We log errors and exceptions (both caught and uncaught) to our Sentry instance via the Python SDK for Sentry. Common problems include:
- Failure to connect to Redis following a node upgrade; this is typically fixed by restarting the archiver.
RTFetchException
, a custom class specific to failures during feed download; these can be provider-side (i.e. the agency/vendor) or consumer-side (i.e. us) and are usually fixed (if possible) by changing download configurations. Common examples (and HTTP error code if relevant) include:- Missing or invalid authentication (401/403)
- Changed URLs (404)
- Intermittent outages/errors (may be a ConnectionError or a 500 response)
You must have installed and authenticated kubectl before executing commands (you will need GKE permissions in GCP for this). It's also useful to set your default cluster to our data-infra-apps cluster.
These
kubectl
commands assume your shell is in thekubernetes
directory, but you could run them from root and just prependkubernetes/
to the file paths.
Rolling restarts with kubectl
use the following syntax.
kubectl rollout restart deployment.apps/<deployment> -n <namespace>
So for example, to restart all 3 deployments in test, you would run the following.
kubectl rollout restart deployment.apps/redis -n gtfs-rt-v3-test
kubectl rollout restart deployment.apps/gtfs-rt-archiver-ticker -n gtfs-rt-v3-test
kubectl rollout restart deployment.apps/gtfs-rt-archiver-consumer -n gtfs-rt-v3-test
Environment-agnostic configurations live in app vars while environment-specific configurations live in channel vars. You can edit these files and deploy the changes with kubectl
.
kubectl apply -k apps/overlays/gtfs-rt-archiver-v3-<env>
For example, you can apply the configmap values in test with the following.
kubectl apply -k apps/overlays/gtfs-rt-archiver-v3-test
Running apply
will also deploy the archiver from scratch if it is not deployed yet, as long as the proper namespace exists.
Code changes require building and pushing a new Docker image, as well as applying kubectl
changes to point the deployment at the new image.

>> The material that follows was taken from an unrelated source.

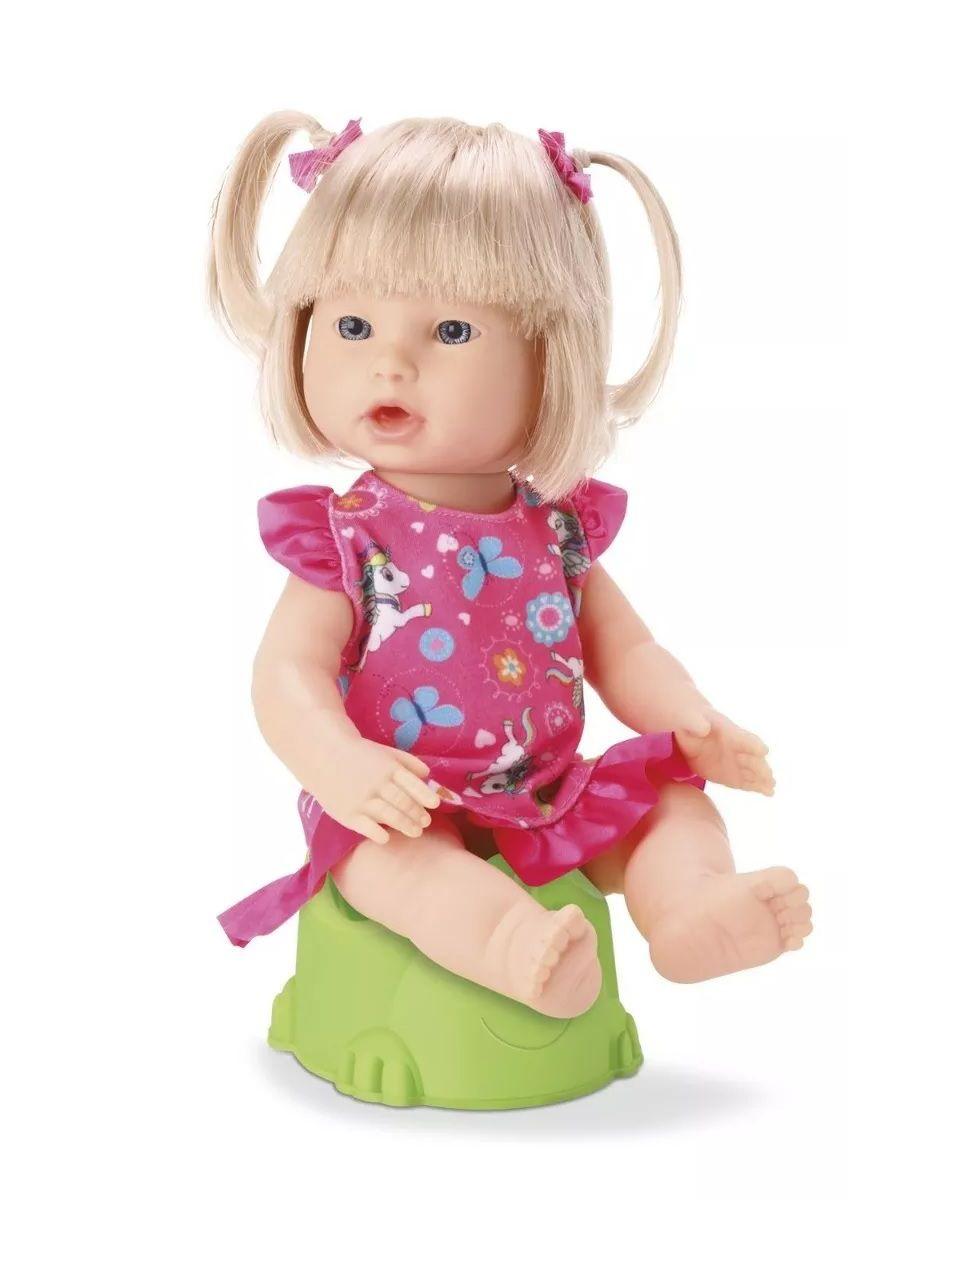 Boneca Diver Dolls Bebê Peniquinho - Diver Toys

- Make code changes and increment version in
pyproject.toml
- Ex.
poetry version 2023.4.10
- Ex.
- Open a pull request and verify that the test container image build succeeds
- Merge the pull request and obtain the new image tag from the GitHub Actions build output or from https://github.com/cal-itp/data-infra/pkgs/container/data-infra%2Fgtfs-rt-archiver-v3
- Change image tag version in the environments
kustomization.yaml
.- Ex. change the value of
newTag
to '2023.4.10-a66f90'
- Ex. change the value of
- Finally, apply changes in production by opening and merging a second PR that includes the
kustomization.yaml
changes.
GTFS download configurations (for both Schedule and RT) are sourced from the GTFS Dataset table in the California Transit Airtable base, and we have specific documentation for modifying the table. (Both of these Airtable links require authentication/access to Airtable.) You may need to make URL or authentication adjustments in this table. This data is downloaded daily into our infrastructure and will propagate to the GTFS Schedule and RT downloads; you may execute the Airtable download job manually after making edits to "deploy" the changes more quickly.
Another possible intervention is updating or adding authentication information in Secret Manager. You may create new versions of existing secrets, or add entirely new secrets. Secrets must be tagged with gtfs_rt: true
to be loaded as secrets in the archiver; secrets are refreshed every 5 minutes by the ticker.